■ **Activity**
Text in the records must be reproduced exactly, and pictures must be skipped.

━━ Data for analysis ━━

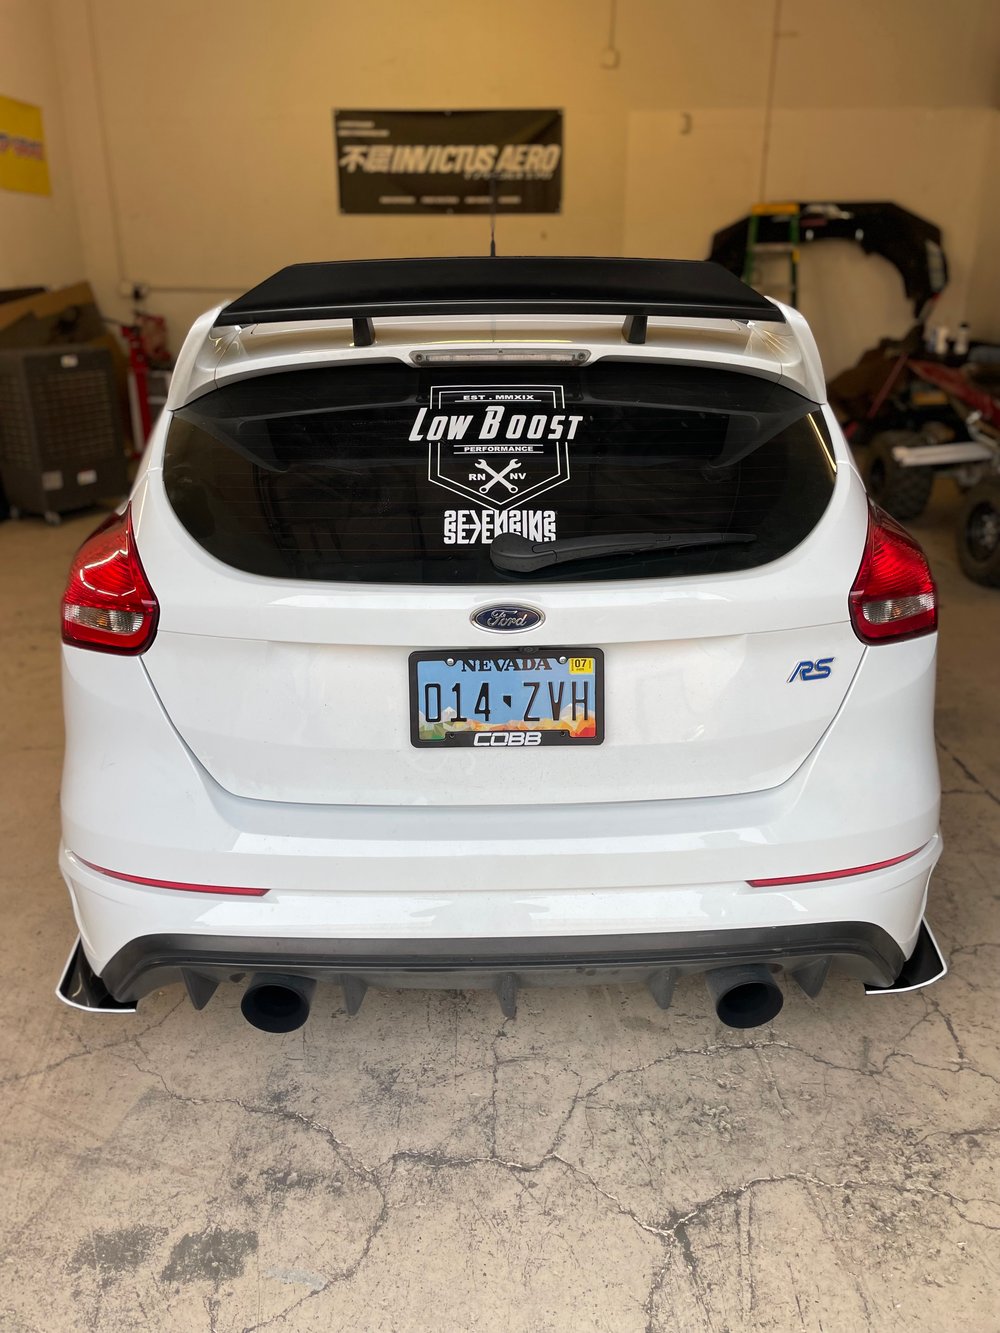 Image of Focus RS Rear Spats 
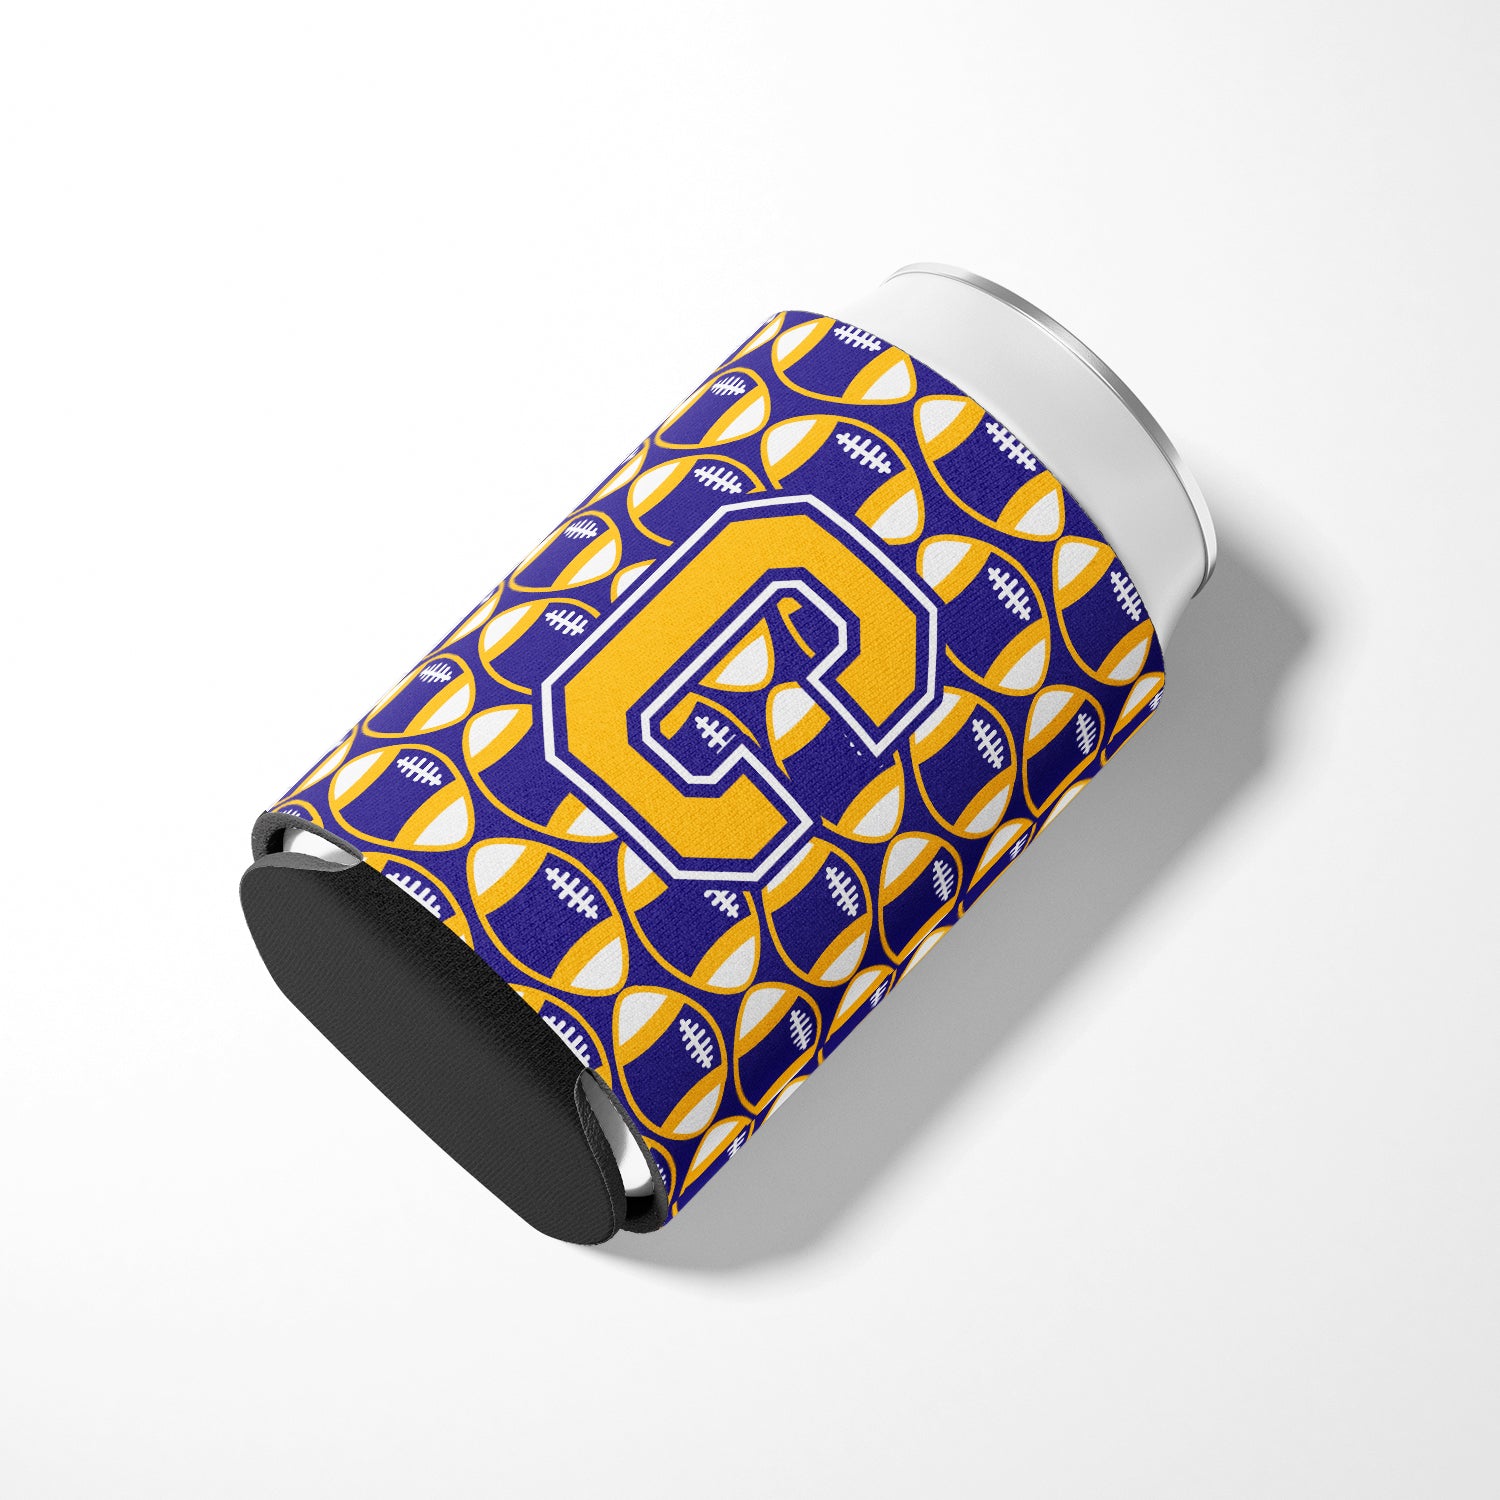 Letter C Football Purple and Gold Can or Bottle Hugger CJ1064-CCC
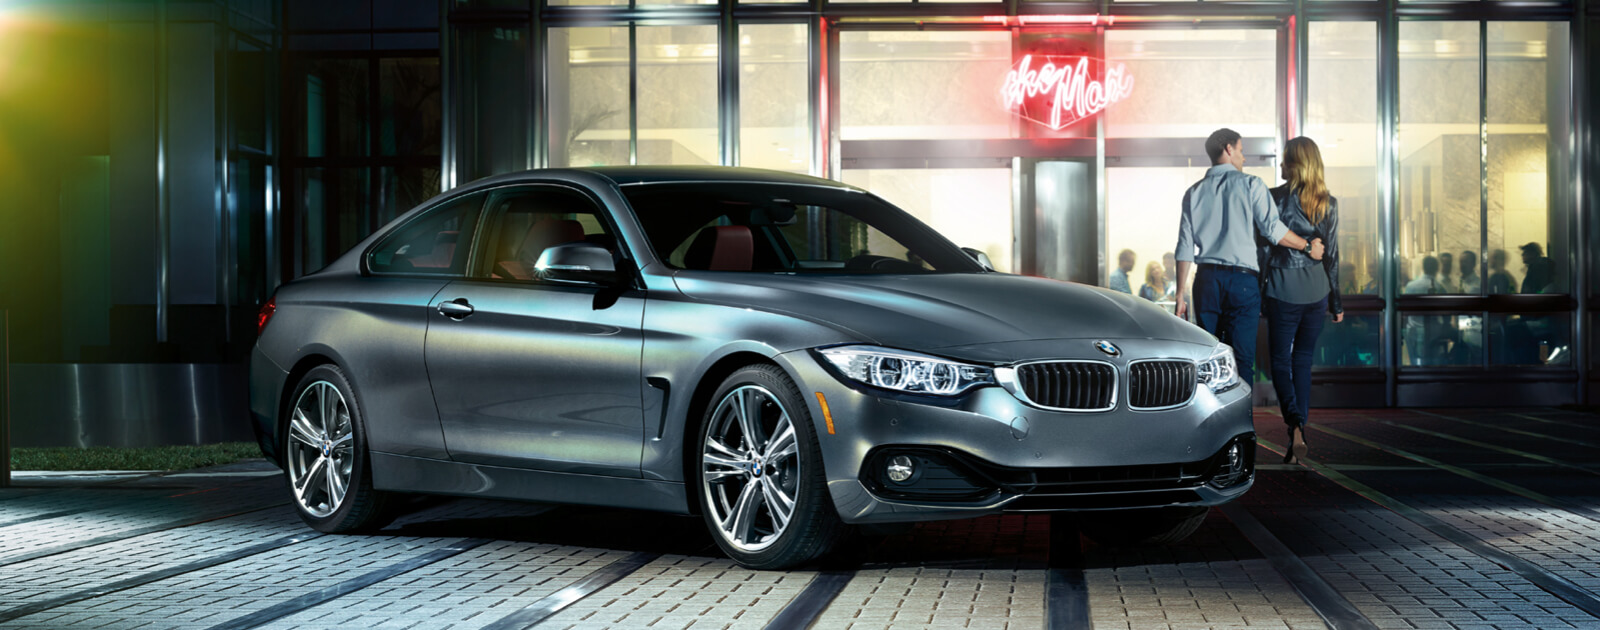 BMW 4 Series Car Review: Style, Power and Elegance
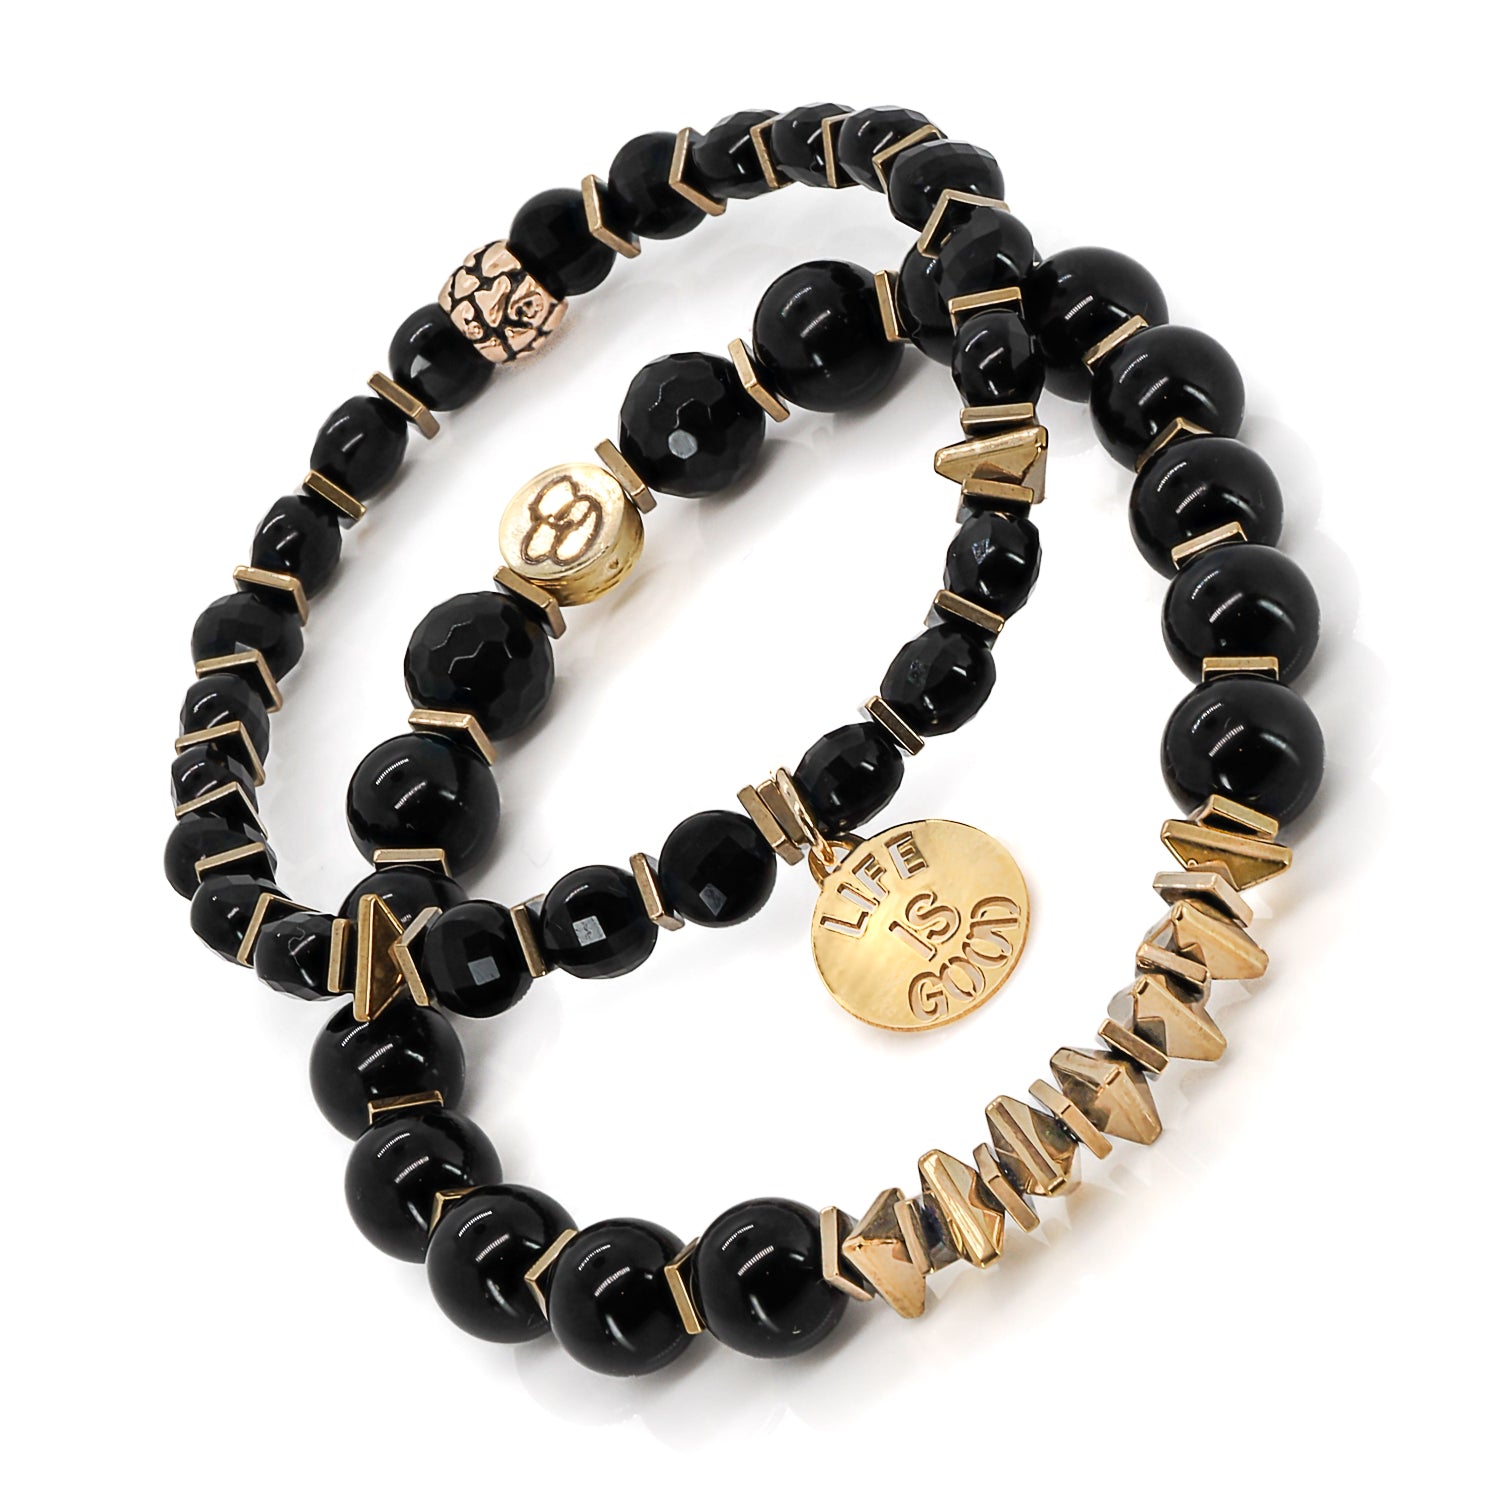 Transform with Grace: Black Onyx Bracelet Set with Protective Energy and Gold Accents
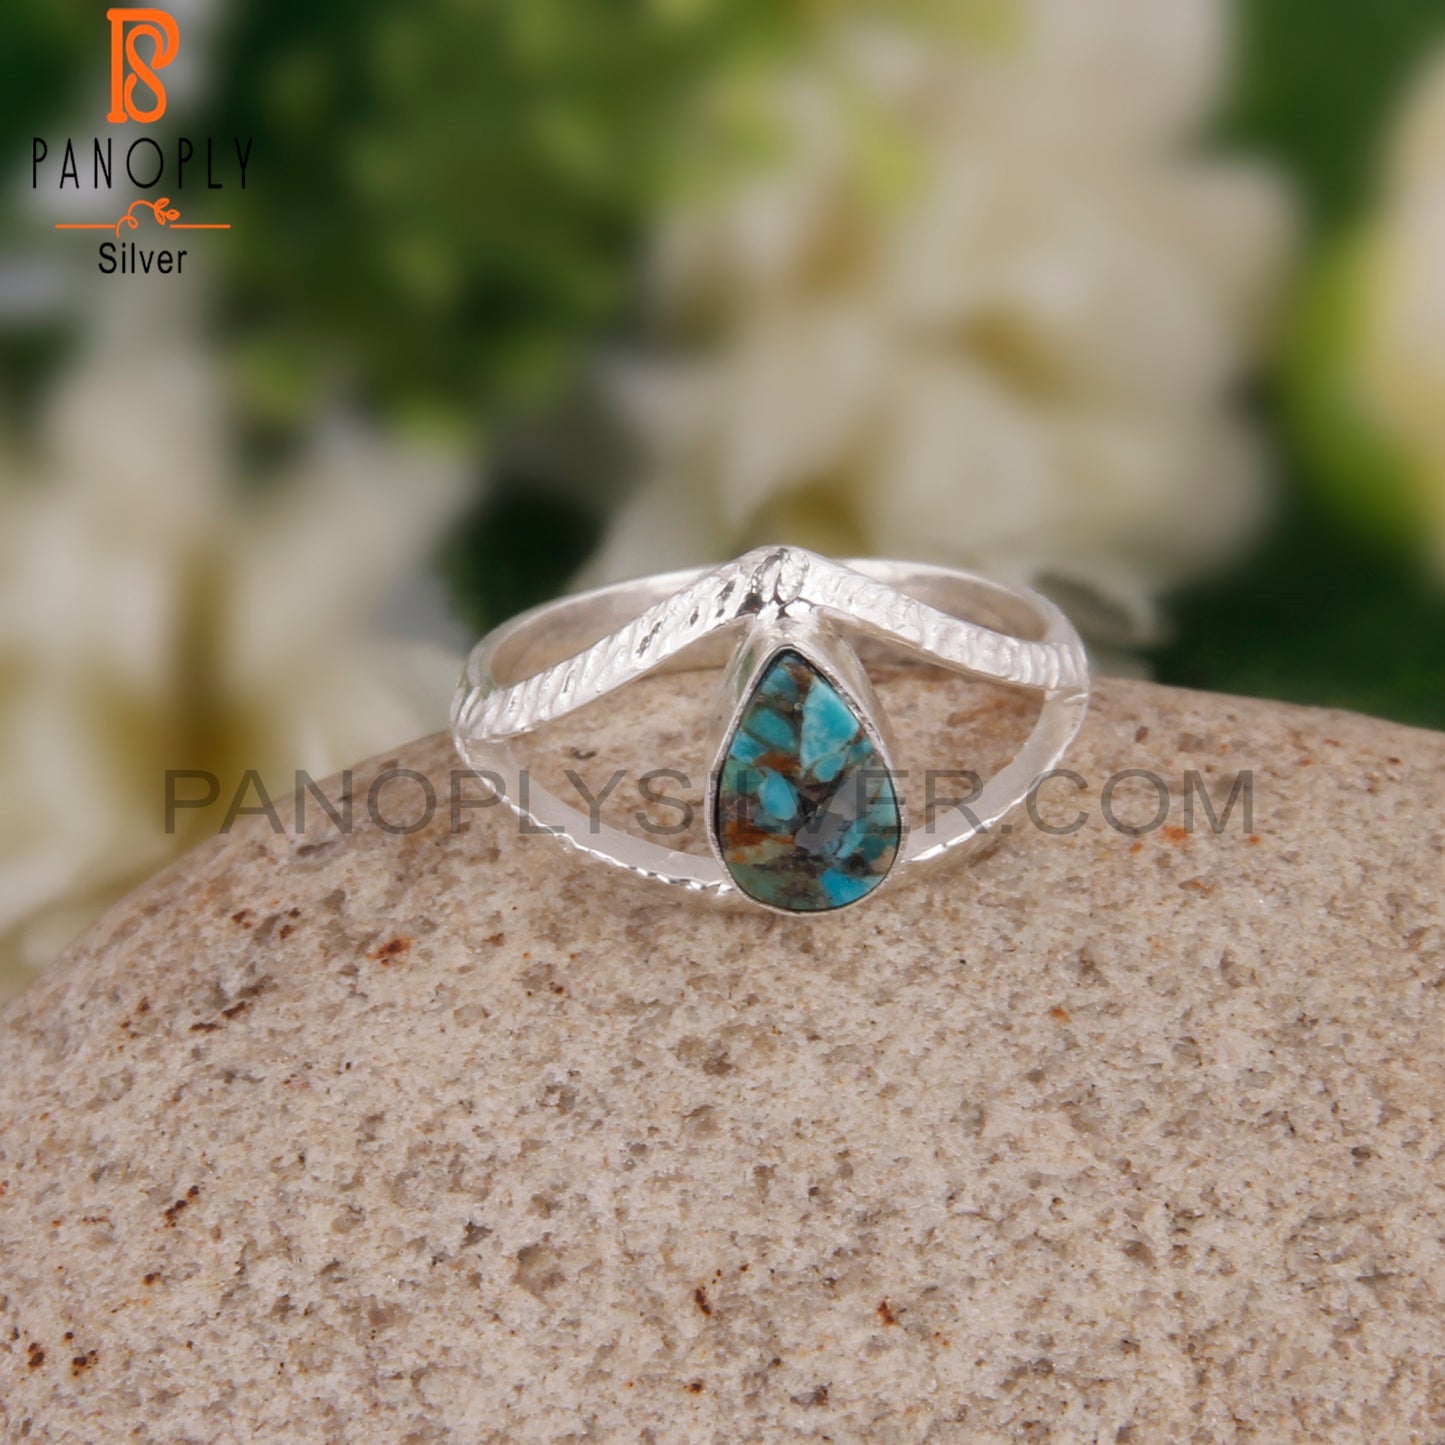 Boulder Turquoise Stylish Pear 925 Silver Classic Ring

━━━

■ **Reply to the task**
 Image of Focus RS Rear Spats 
 Letter C Football Purple and Gold Can or Bottle Hugger CJ1064-CCC
 BMW 4 Series Car Review: Style, Power and Elegance
 Transform with Grace: Black Onyx Bracelet Set with Protective Energy and Gold Accents
 Boulder Turquoise Stylish Pear 925 Silver Classic Ring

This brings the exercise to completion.